Отец был не только беззубым, но и — еще лучше! — безработным.
Свобода от ежедневного хождения на службу, от социалистической каторги, была хрустальной мечтой ленивых мужчин-интеллигентов его поколения.
Через три года после нашей эмиграции Сергей лишился престижной и секретной работы в лаборатории при мавзолее. Именно столько времени потребовалось тамошнему туповатому кагебешному стукачу, чтобы осознать, что папа был женат на предательнице Родины и что он часто пьет в компании опасных диссидентов.
Отца под невинным предлогом вызвали в местное отделение милиции. Там его тепло приветствовали два товарища из КГБ. С отеческой заботой они пожурили папу за то, что тот сошел с правильного пути. Намекнули: все можно поправить, если товарищ Бремзен согласится доносить на своих собутыльников-диссидентов. Отец отказался. Его милый мавзолейный начальник со слезами на глазах передал ему документы об увольнении. Отец покинул подвал с мертвецами, ощущая трепет, но и некоторую легкость бытия.
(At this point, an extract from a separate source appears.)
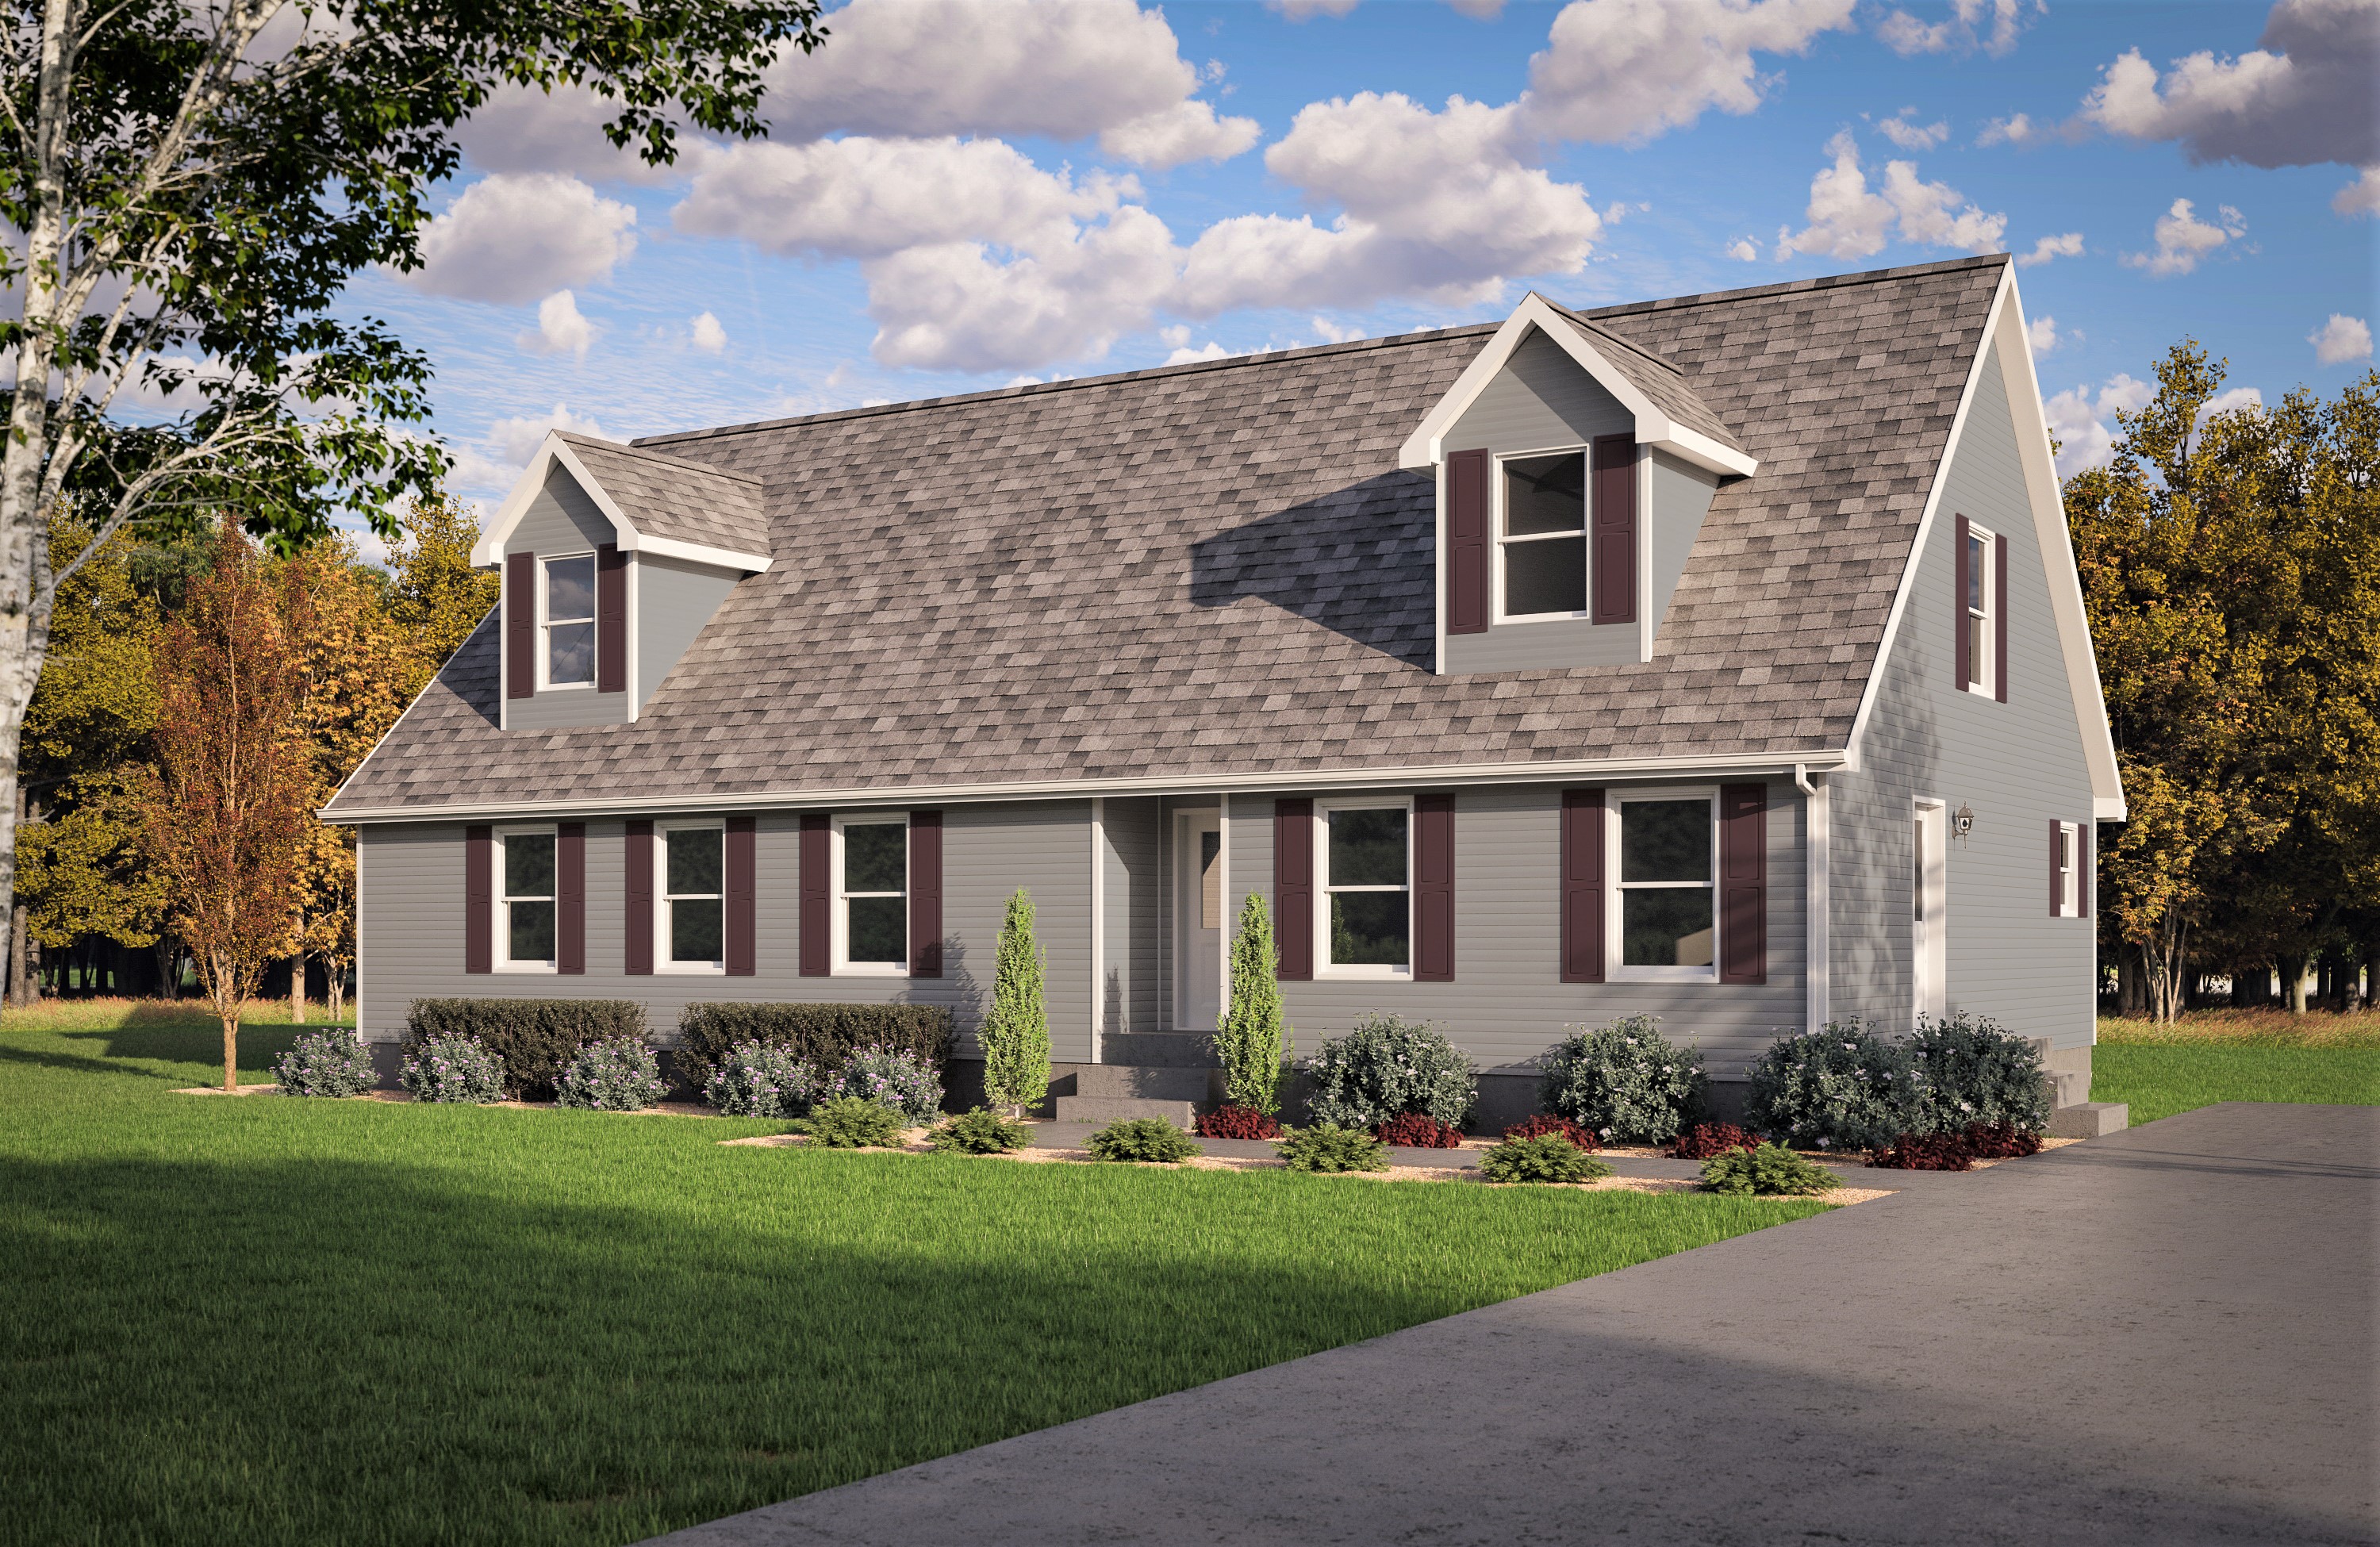 Optional 12/12 Roof Pitch  "Cape Cod" With Dog House Dormers

В свои сорок он больше не обслуживал бессмертные ленинские останки.
Затем Сергей несколько раз ненадолго устраивался в лучшие исследовательские центры, но его презрение к социалистической каторге только росло. В Институте экспериментальной ветеринарии кандидаты наук отъедались, поглощая добычу, захваченную во время поездок в колхозы. В частности, руководитель секции пчел собрал исключительную коллекцию деревенского меда. Папа опять уволился, но прежде спер с работы чешский набор отверток, который у него до сих пор хранится.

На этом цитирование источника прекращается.